The null hypothesis is that there is no difference in mean healthcare spending between the two groups. The alternative hypothesis is that there is a difference in mean healthcare spending between the two groups.
# Conduct a two-sample t-test
ttest_results = ttest_ind(
healthcare_spending_for_general_medical_diagnoses,
healthcare_spending_for_mental_health_diagnoses
)
# Extract the p-value from the t-test results
p_value = ttest_results.pvalue
The p-value is the probability of obtaining the observed results if the null hypothesis is true. A p-value of less than 0.05 is generally considered to be statistically significant. Keen observers will note that this involves multiple comparisons, and to be really sure that these things are different, and not a fluke fluke, in science we would do a Bonferroni correction3 for multiple comparisons. Here is the math for that!
# Calculate the number of comparisons
number_of_comparisons = len(healthcare_spending_per_diagnosis) - 1
# Calculate the Bonferroni-corrected alpha value
alpha_corrected = alpha / number_of_comparisons
# Conduct a two-sample t-test, Bonferroni-corrected
ttest_results_corrected = ttest_ind(
healthcare_spending_for_general_medical_diagnoses,
healthcare_spending_for_mental_health_diagnoses,
alpha=alpha_corrected
)
# Extract the p-value from the t-test results
p_value_corrected = ttest_results_corrected.pvalue
Department of Labor, this is just one way to address a Mental Health party, but it's pretty scientifically ironclad, and if they fail this test, it's really hard to argue they succeed in any other manner absent compelling data. This is also relatively easy dated a pole from Healthcare payers, because they know what they pay for things. That's the whole business.

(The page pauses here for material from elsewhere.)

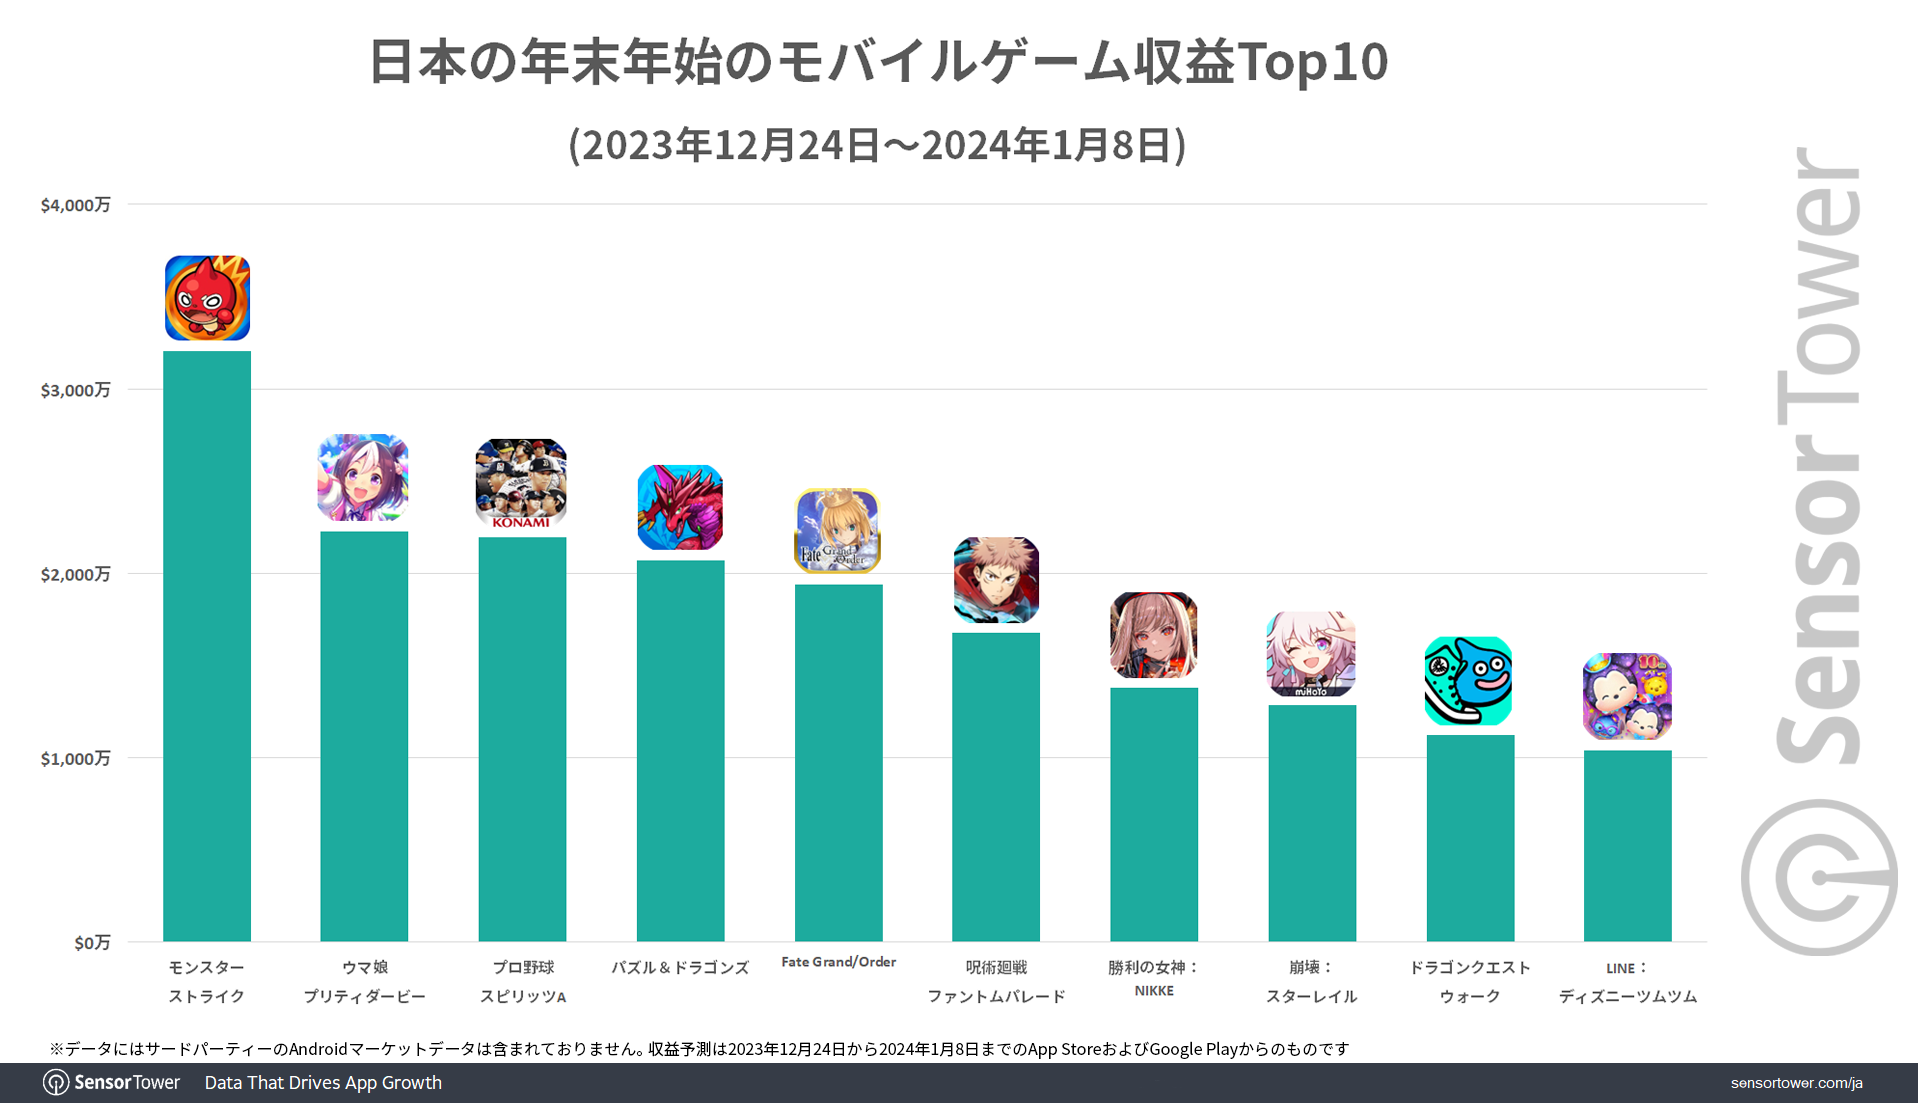 Revenue-Top10-Japan

Repeat the above math for both median and mode, and you have a pretty robust mental health parity check that is not a heavy lift for the department of labor.
If they fail the above test, I think it's on them to prove they have better outcomes and access to those at lower cost.
Which would of course qualify for a safe harbor, but I think we have to see the data.
Big Health, thank me later.
But every scientific study in biomedical science accepts a small possibility that the results could not be due to our intervention, they could be due to chance.
And then we demand replication of those studies—because our same conclusion being due to chance, but twice? The risk is tiny.
The Bonferroni correction adjusts the alpha value for the number of comparisons being made. This helps to control the false positive rate, which is the probability of incorrectly rejecting the null hypothesis.
In this case, the Bonferroni-corrected alpha value is alpha divided by the number of comparisons.
So, if the original alpha value was 0.05, then the Bonferroni-corrected alpha value would be 0.05/(len(healthcare_spending_per_diagnosis) - 1).
The Bonferroni-corrected p-value is then calculated using the Bonferroni-corrected alpha value. So, if the p-value from the uncorrected t-test was 0.01, then the Bonferroni-corrected p-value would be 0.01/(len(healthcare_spending_per_diagnosis) - 1).
A Bonferroni-corrected p-value of less than 0.05 is still considered to be statistically significant.